### Exercise directions
Repeat the data exactly, leaving out any image.

### The data
+ + +

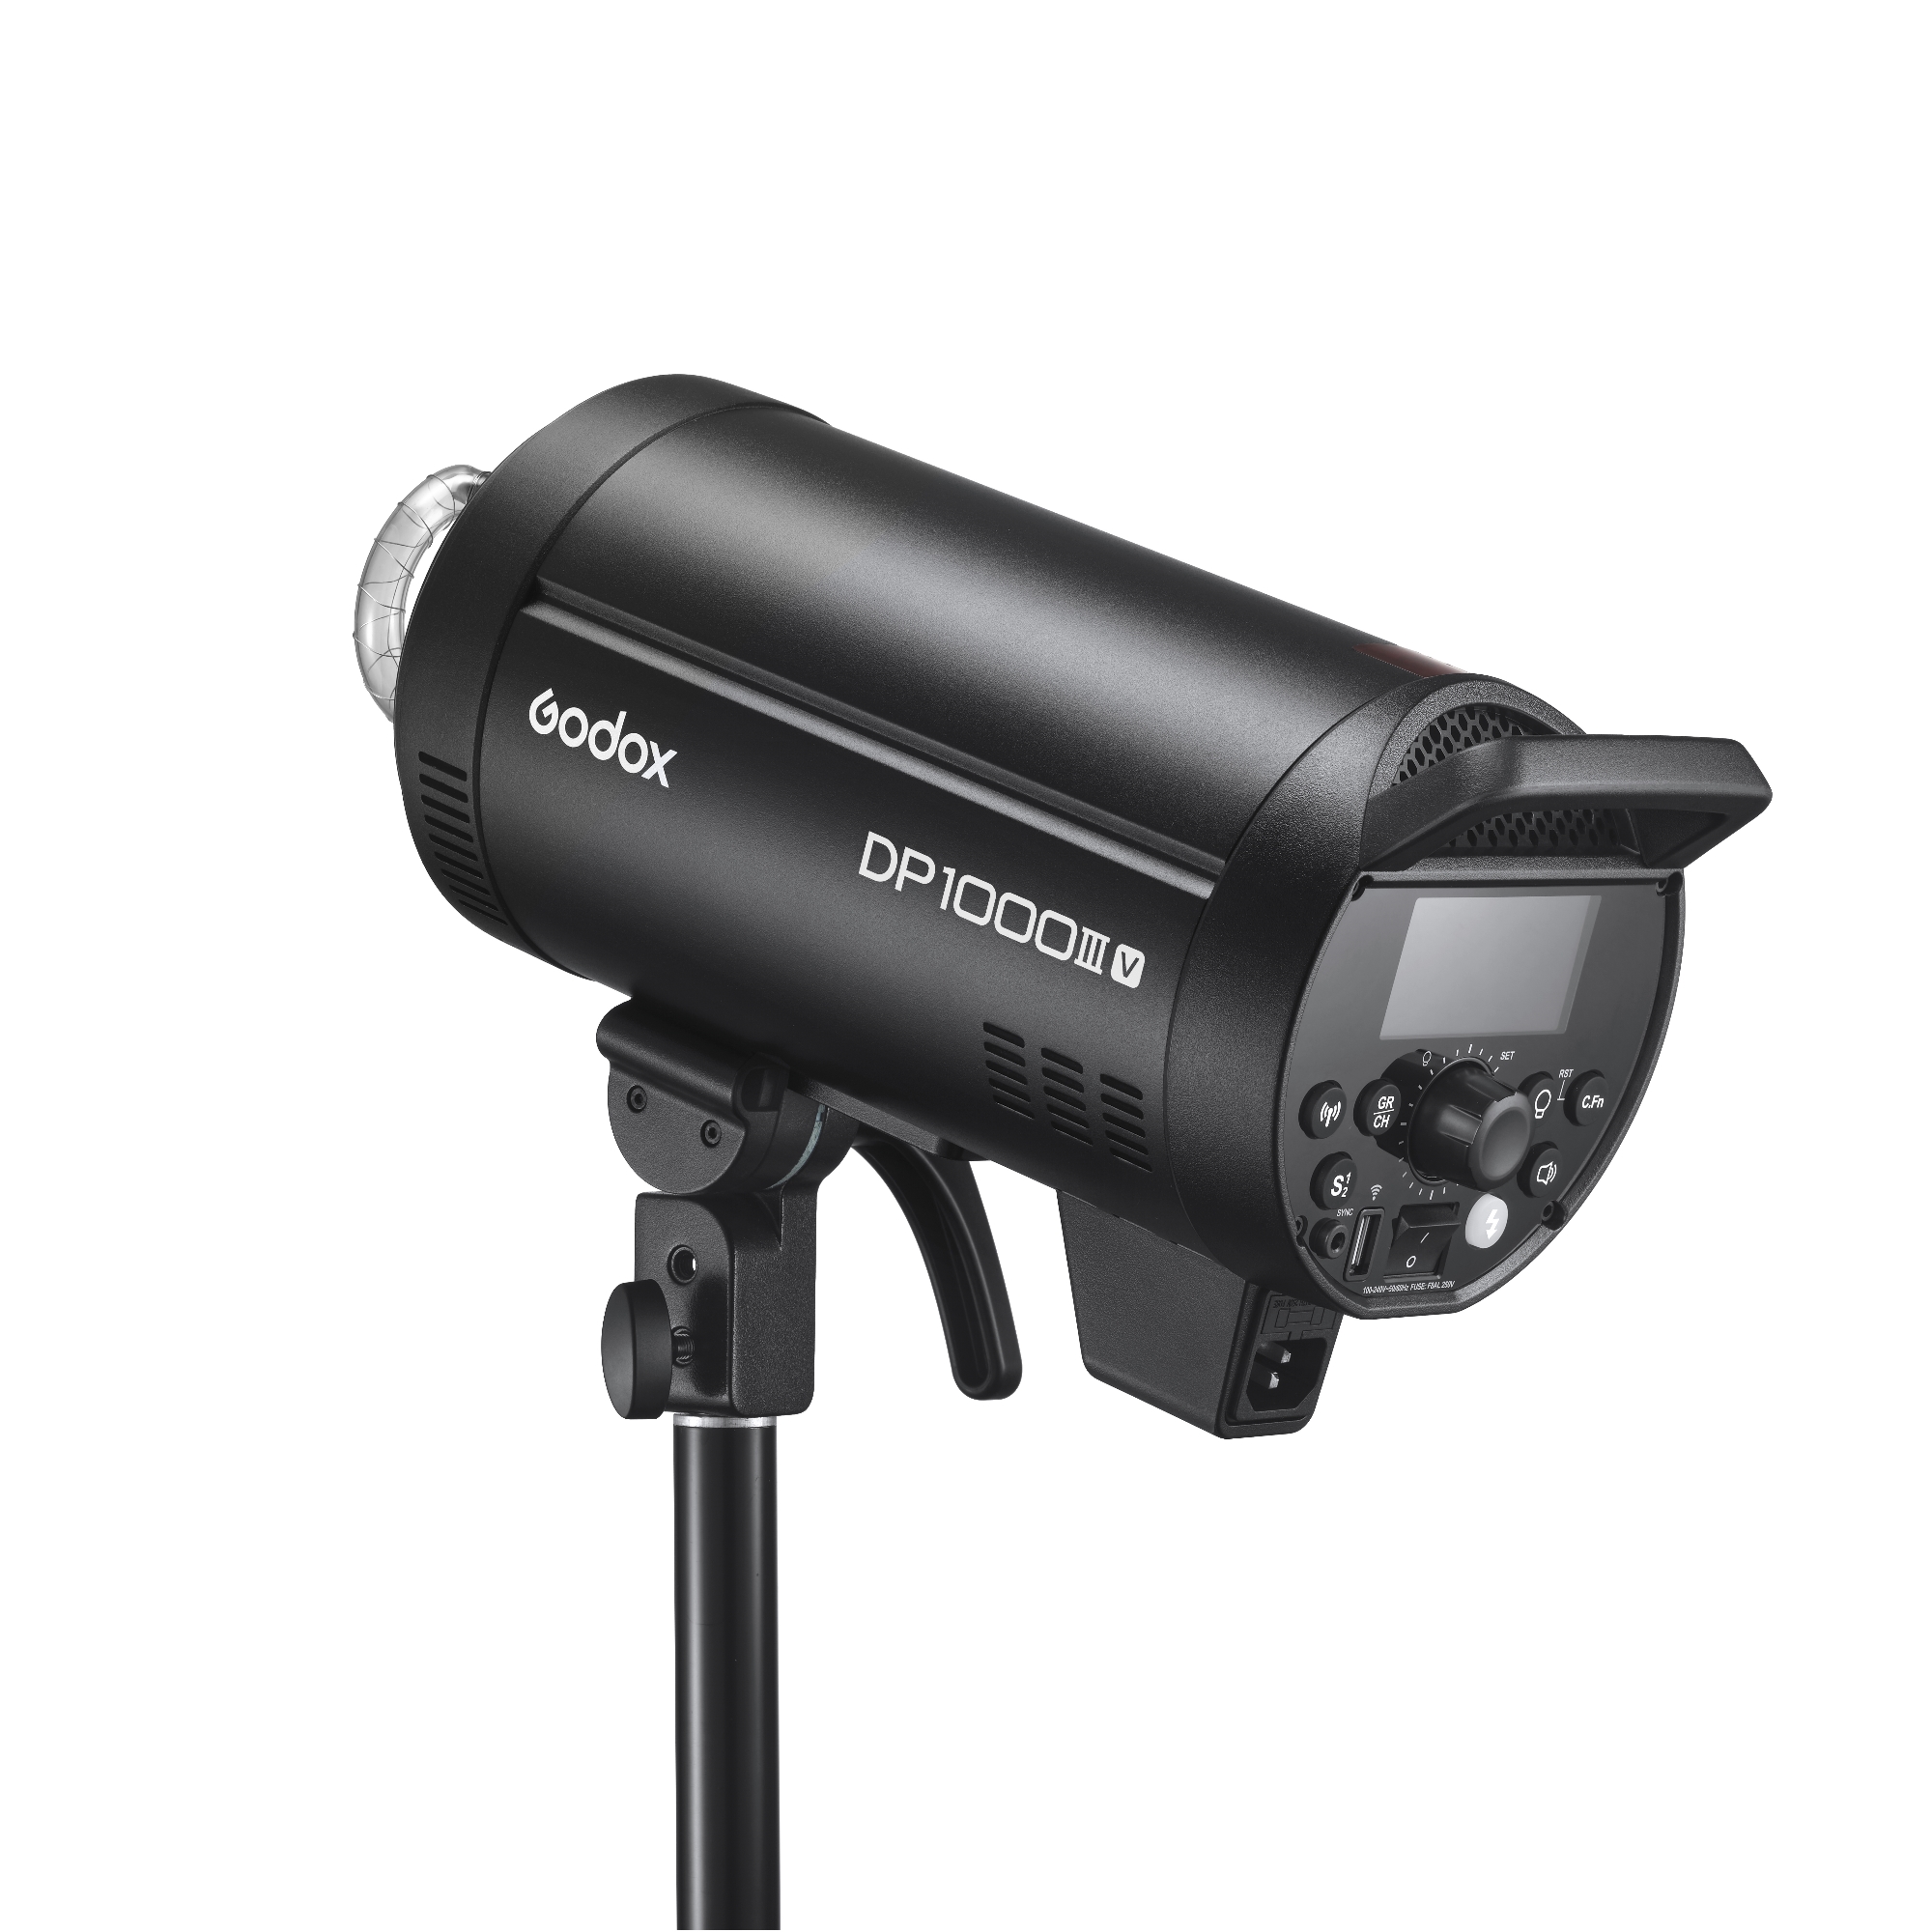    Godox DP1000IIIV   Ultra-mart
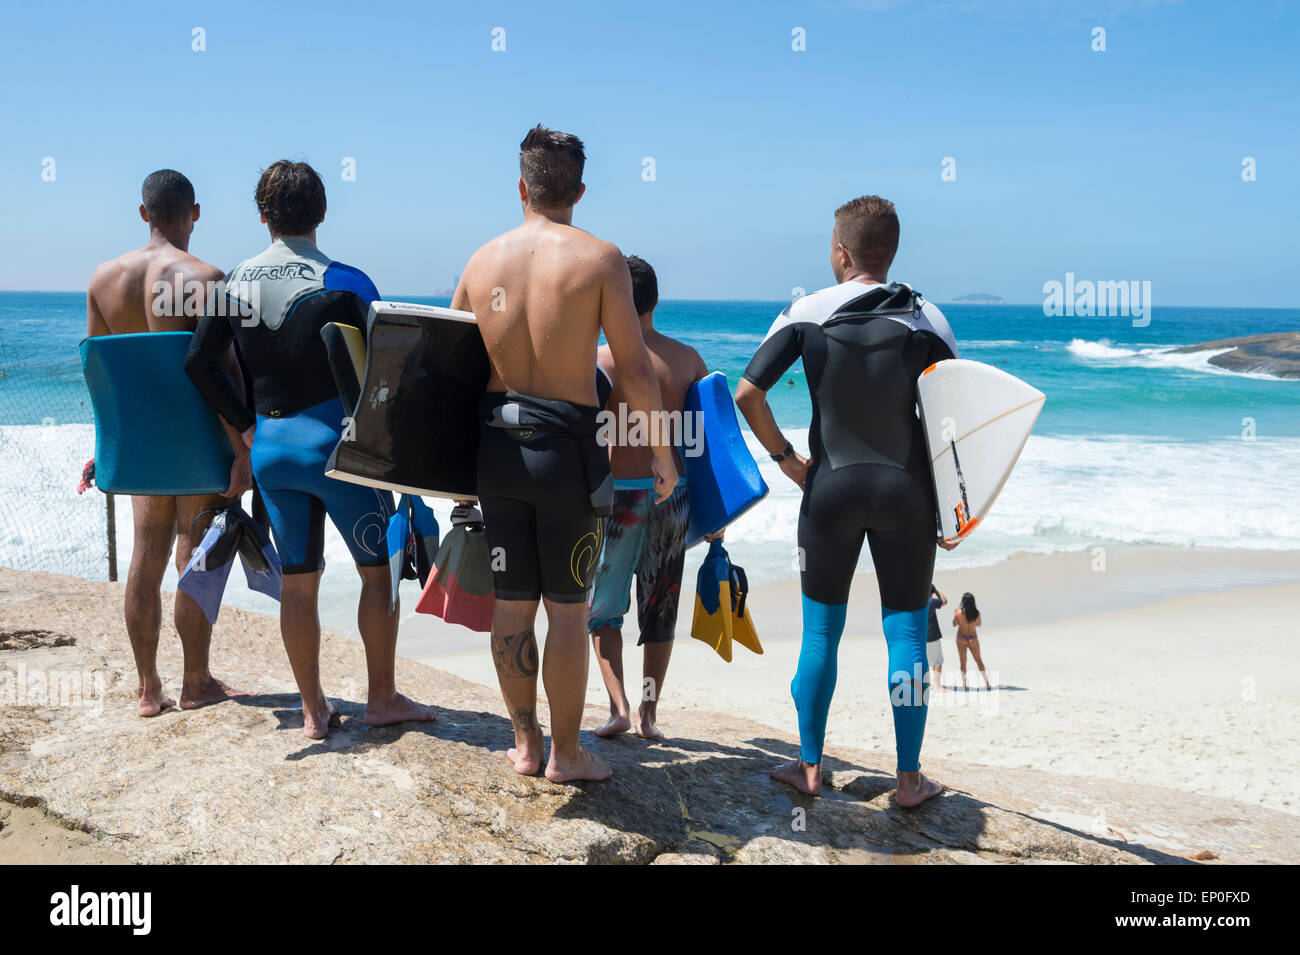 RIO DE JANEIRO, Brasilien - 24. März 2015: Gruppe von jungen brasilianischen Surfer stehen mit Blick auf die Wellen an der Praia Diabo. Stockfoto
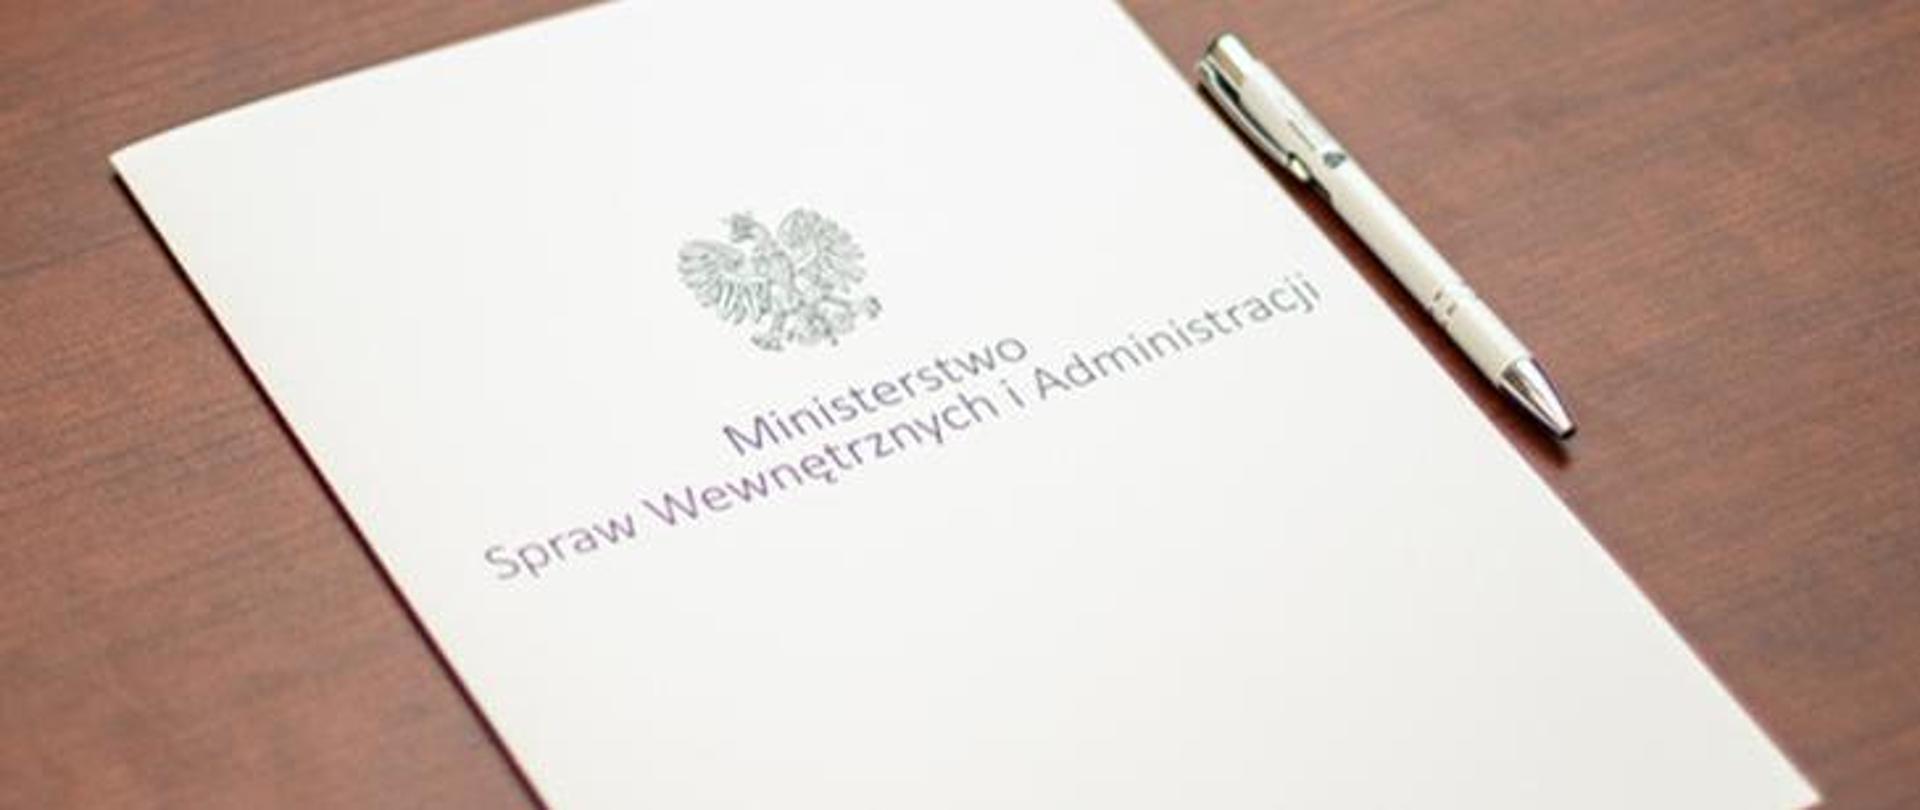 Teczka na dokumenty z napisem Ministerstwo Spraw Wewnętrznych i Administracji położona na stole, obok leży biały długopis

+ + +

### Output below
    Godox DP1000IIIV   Ultra-mart
 RIO DE JANEIRO, Brasilien - 24. März 2015: Gruppe von jungen brasilianischen Surfer stehen mit Blick auf die Wellen an der Praia Diabo. Stockfoto
 Teczka na dokumenty z napisem Ministerstwo Spraw Wewnętrznych i Administracji położona na stole, obok leży biały długopis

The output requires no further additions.